The pair started toward the girl, brushing past him a little too close—their stench always made him nauseous.
“So where’s the party this year?” he asked, trying to stall them.
Originally, the holiday had been an all-night festival of eating and dancing as family and friends celebrated the longest night of the year, but for the past few decades Darkbloods had been using it as a means of attracting and recruiting new members. It had devolved into little more than a costume party of debauchery and violence, often held in a macabre location. The few humans invited rarely left alive.
“Keeping it secret for now,” Sigred said as she watched the girl, eyes narrowed and focused like a predator. “Do you play HG?”
“What?”
“The online game, Hollow Grave?”
“No, I don’t.” He recalled some of the Darkbloods talking about a new online game, but that had been almost two years ago.
“As long as you’re a registered user and get to Grave Crawler status, you can log in at noon the day before and the location will be posted in the forums. There’ll be plenty of time to get there between sundown and midnight. It’ll be on one of the islands this year.”

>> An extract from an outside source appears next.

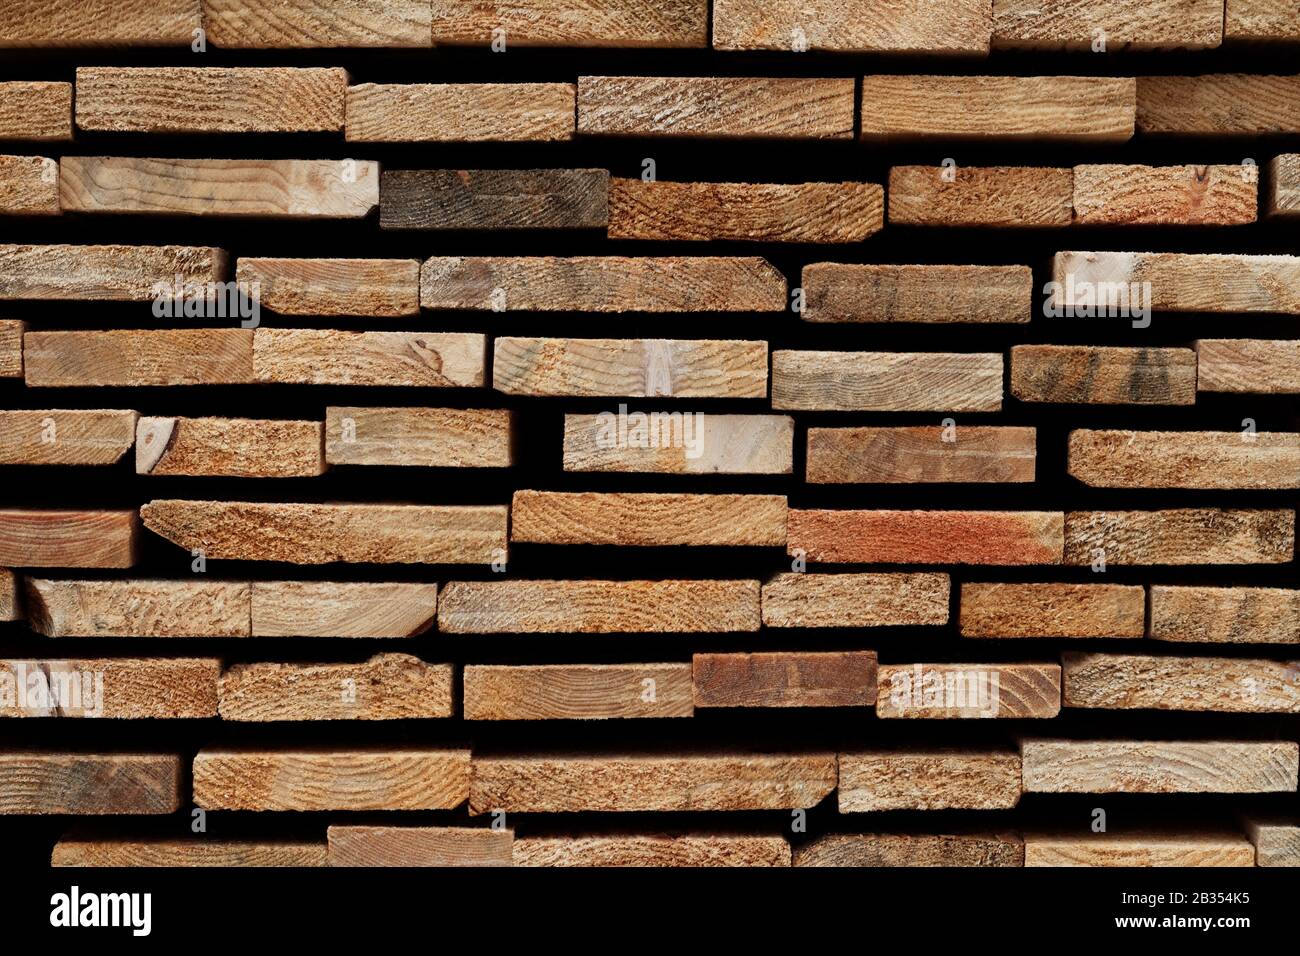 Abstract Wooden Background: Stacked Cross-Sections of Different Softwood Slats Stock Photo

Wasn’t that interesting? He knew the Alliance was working on some new ways to attract the younger generation of vampires, but since that hadn’t been his area of expertise when he was inside, he had no idea what they were up to. Online gaming? They must be using it to promote their agenda by romanticizing the violent past of their kind.

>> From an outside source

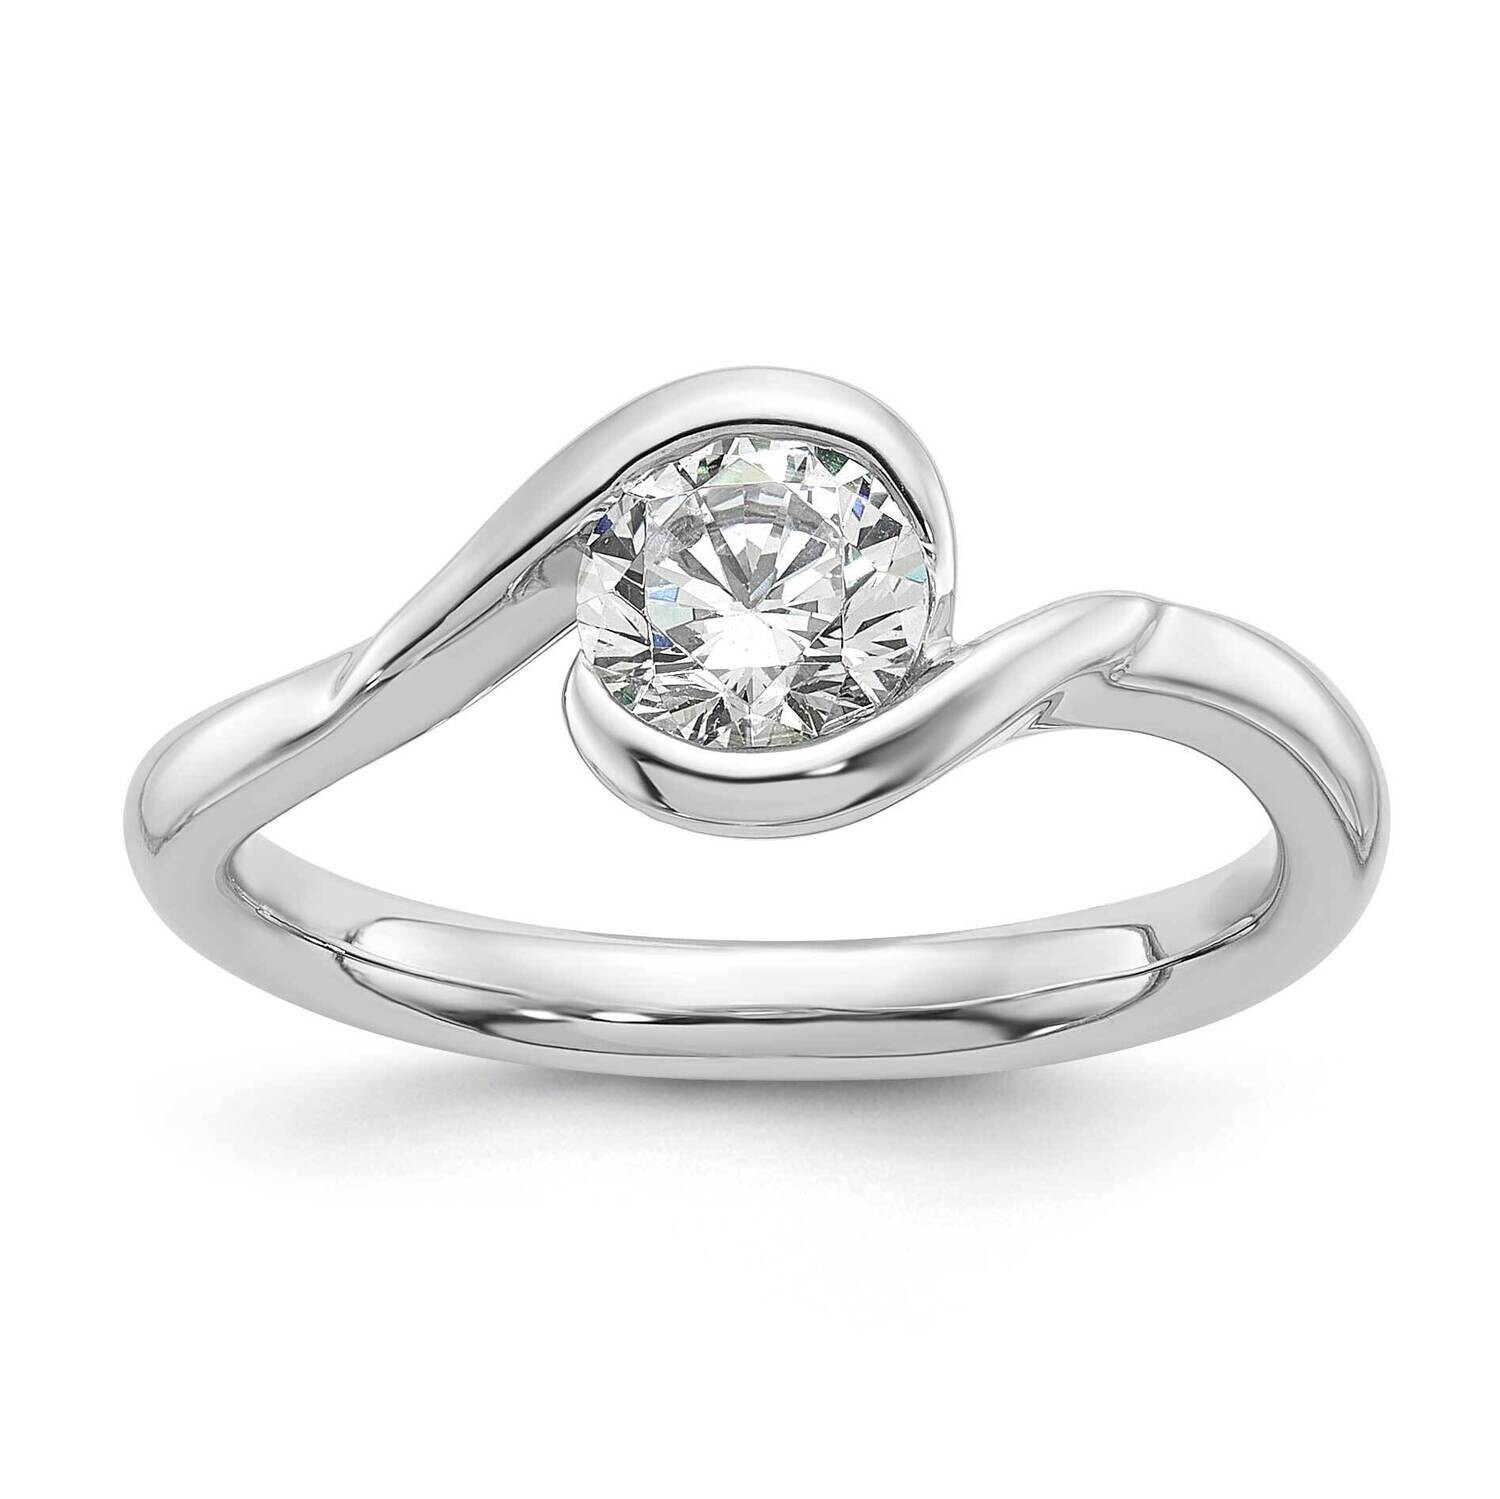 3/4 Carat 5.80 mm Half-Bezel Bypass Round Solitaire Engagement Ring Mounting 14k White Gold RM1955E-075-W

He fought to keep his expression blank as he recalled being a youthling in a Paris gaming house centuries ago, where less than candid recruiting methods had been used on him with devastating results.
“We should have an ample supply of Sweet by then.”
How were they planning to get more? Last year he’d helped thwart the Alliance’s plans to breed sweetblooded humans and had seen to it that all their research had been destroyed. Had he missed something? Were they starting up operations again?
There was a huge market for the extremely rare, highly addictive type of human blood—the street price was astronomical. Sweetblood, Sangre Dulce, Devil’s Elixir—it was all the same. It shouldn’t be a surprise that they would be trying other methods to get their hands on it. If there was one thing he’d learned while spying on them from the inside, it was how tenacious they were. Like mongrels on a steak dinner.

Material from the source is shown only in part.